Decommission Network Object Field

Workflow Owner This topic is intended for SecureChange workflow owners, who are responsible for creating and maintaining workflows.

When you configure workflow steps, in the Decommission Network Object field (formerly Server Decommission field) in a workflow step, the Display name and Tooltip text are the same for every step that the field is added to.

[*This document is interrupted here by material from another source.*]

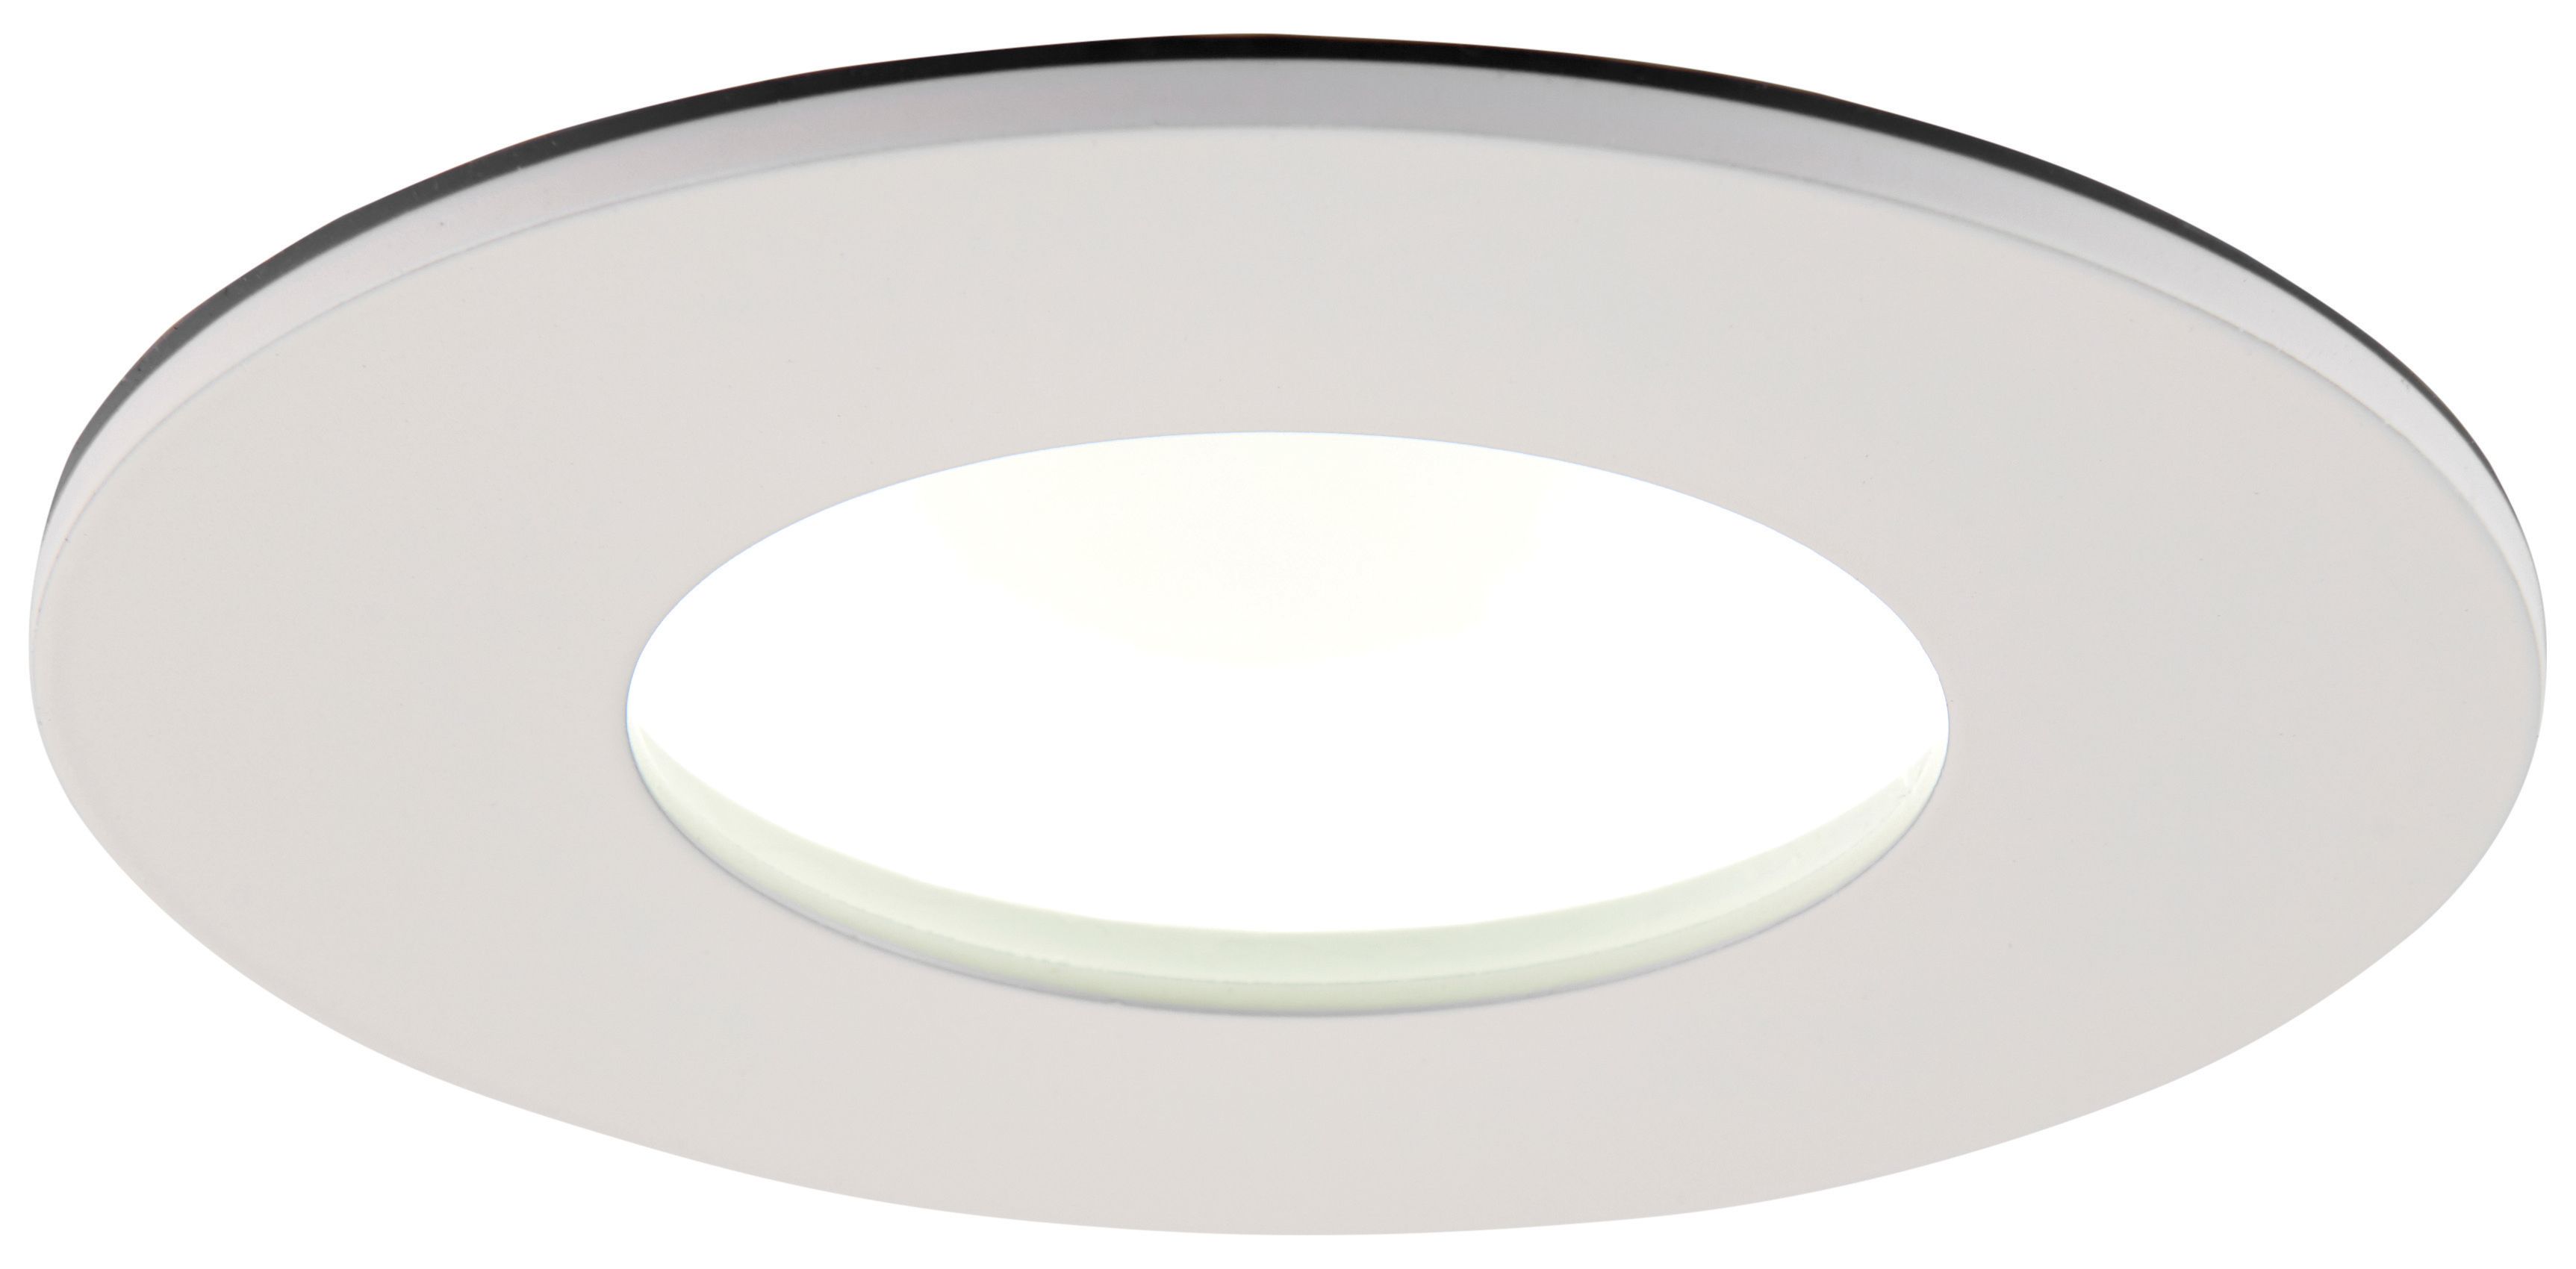 Saxby Orbital Plus Anti-Glare IP65 Matt White Cool White Downlight
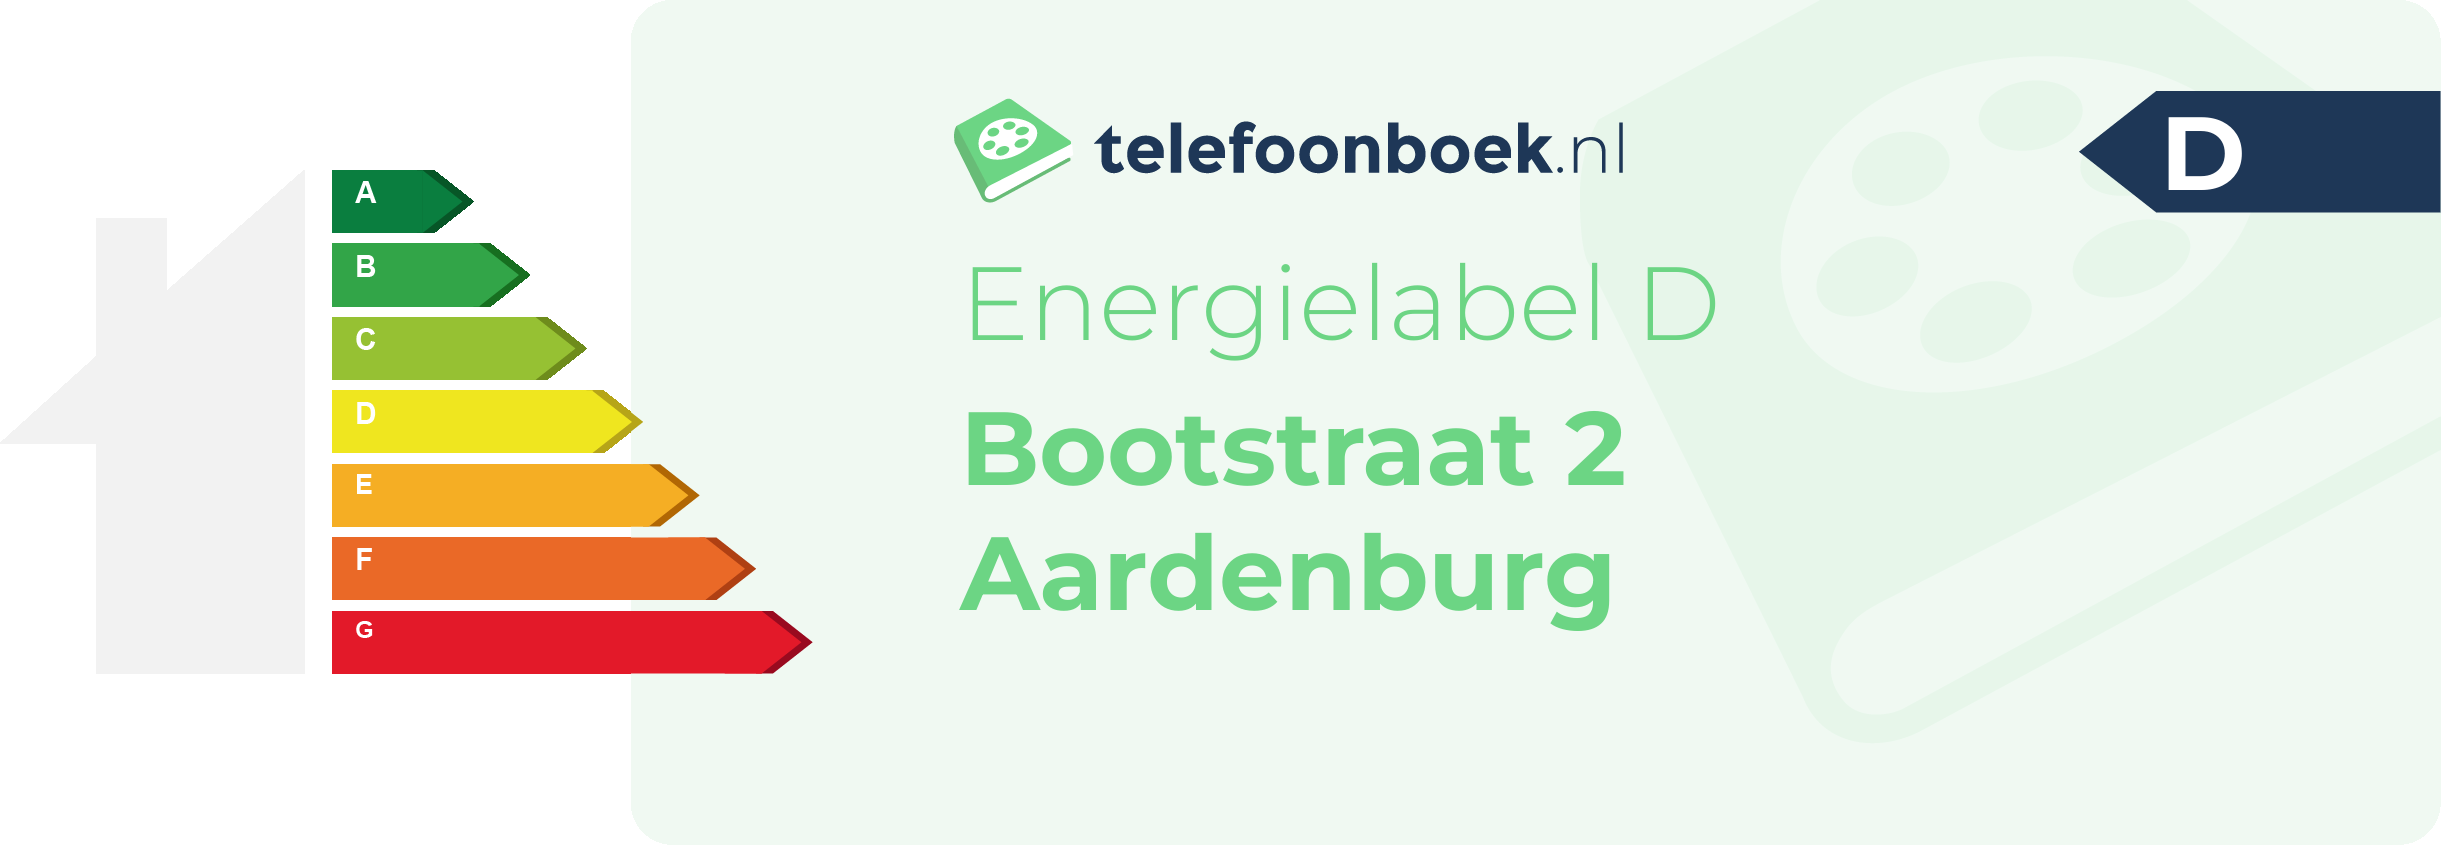 Energielabel Bootstraat 2 Aardenburg

All other settings apply only to the current step:

In a Decommission Network Object workflow, when multiple tasks are opened on the same step by Dynamic Assignment, no changes can be made to the rules or objects within the rules, and all tools (such as Designer and provisioning) are disabled for the handlers, even if the same handler is configured for all the tasks in the step.

General

  • Read-only - The handler of this step can view the contents but not edit values of the field.

Show

  • Impact Analysis tool - Lets the handler open the impact analysis tool, which shows where the server is used in the firewall rules of all monitored devices.

  • Designer tool - Lets the handler open the Designer, which gives precise recommendations for how to change the firewall rules in order to remove the specified servers.

    For each step that you enable the Designer tool, you can allow the handler to:

    • Allow all: Allow all Designer capabilities supported by this workflow.

    • Allow design only: View the Designer recommendations for policy updates.

    • Allow update only: Provision the Designer recommendations by saving the policy updates to devices. (For devices where Provisioning is supported)

    • Allow commit only: Commit the current policy from the management device onto associated child firewall devices. (For management devices where Committing Changes is supported)

    • Allow design and update only: Perform both design and update processes.

    • Allow update and commit only: Perform both update and commit processes.

  • Verifier tool - Lets the handler open the Verification tool, which verifies that the specified servers were removed based on the latest revision received by SecureTrack.

Decommission Network Object workflows do not support Auto steps. Instead, you can run the workflow tools through the Server Decommission Rest APIs.